Para Kiai dan Gus Memuliakan Santri sesuai Tugas dari Nabi
Tradisi di lingkungan pesantren, mengajarkan kerendahan hati para santri terhadap para ulama, kiai pesantren. Juga keluarga pengasuh pondok pesantren.
Ada alasan tertentu kenapa seorang yang pernah nyantri di pesantren, harus menghormati, bukan hanya pada kiai atau ulama pesantren, melainkan juga kepada anak-anak dan keluarganya. Meskipun di mata orang awam, hal itu terkesan "feodalistik" dan sebagai penghormatan yang berlebihan.

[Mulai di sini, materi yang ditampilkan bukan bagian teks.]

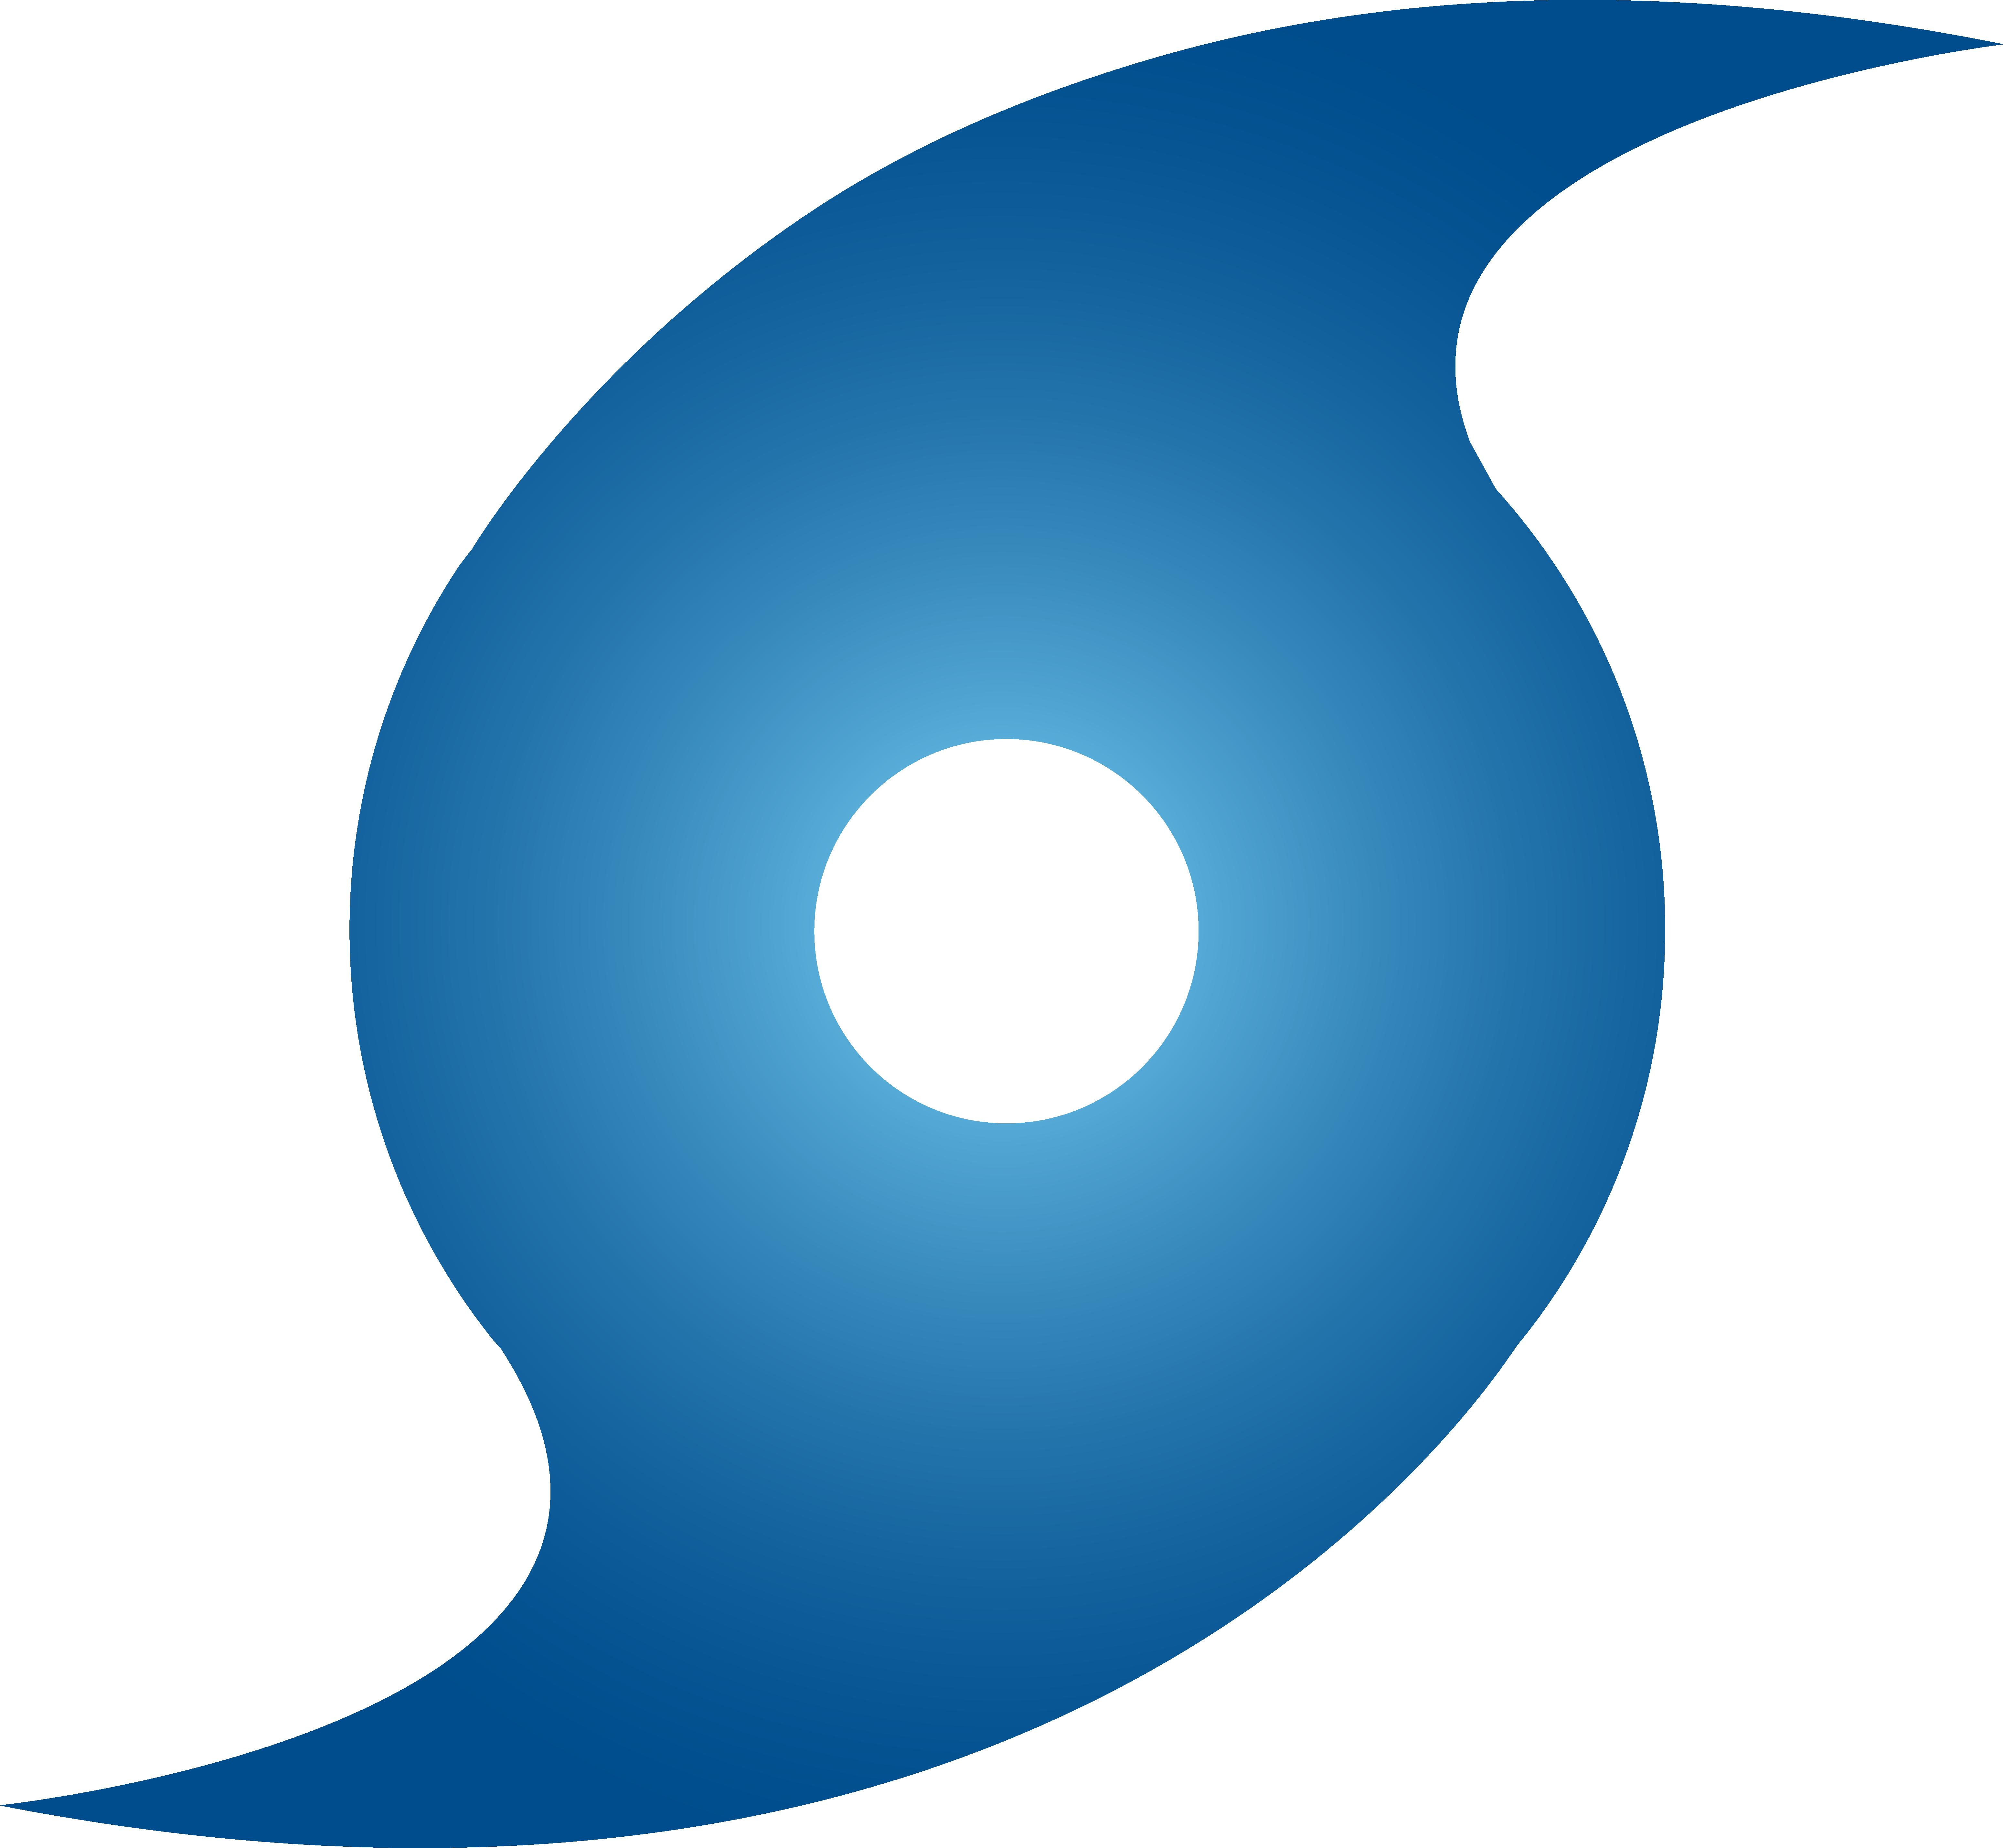 16 Blue Icon Clip Art Images
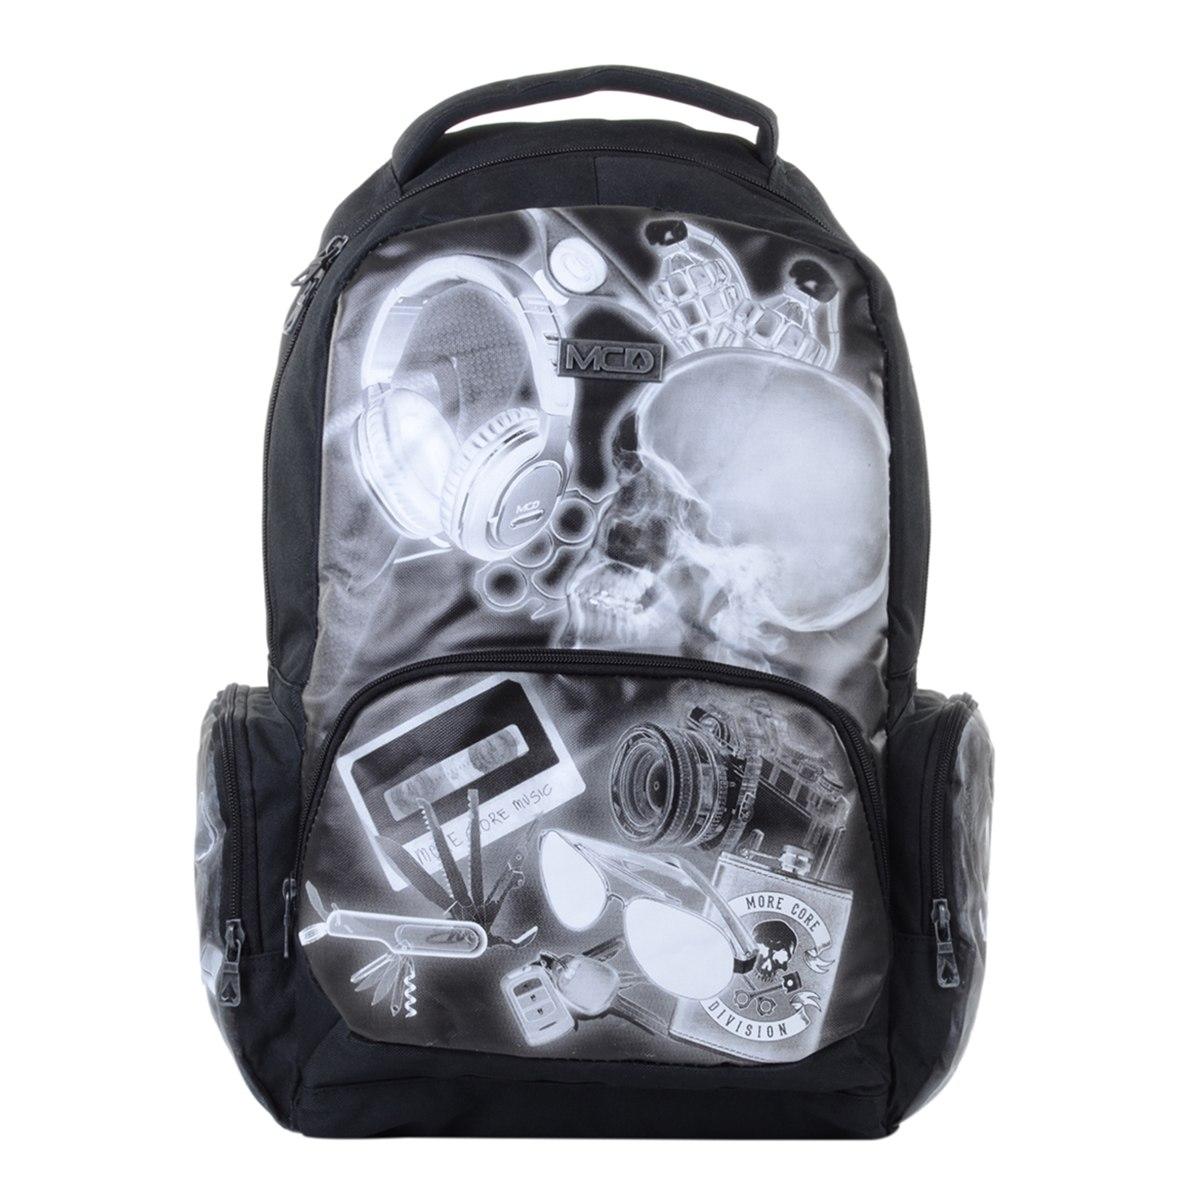 mochila masculina mcd back to school rx. Carregando zoom. d96d319f12e

Bagi kaum santri, ulama pesantren dan orang-orang alim, adalah ulama penerus para nabi (al-ulama'u waratsatul anbiya'). Mereka adalah pewaris para nabi, yang harus dihormati, didengar fatwanya ditaati untuk dilaksanakan.
Ust Muhammad Ma'ruf Khozin, Pengasuh Pondok Pesnatren Raudlatul Ulum Suramadu, meski telah dikenal luas sebagai juru dakwah tapi tetap mengaku sebagai santri dari Pesantren Ploso Mojo Kediri, yang kini diasuh KH Nurul Huda Djazuli. Hormat kepada KH Abdurrahman Al-Kautsar (Gus Kautsar), putra pengasuh pesantren tersebut, pun tetap dilakukan hingga sekarang.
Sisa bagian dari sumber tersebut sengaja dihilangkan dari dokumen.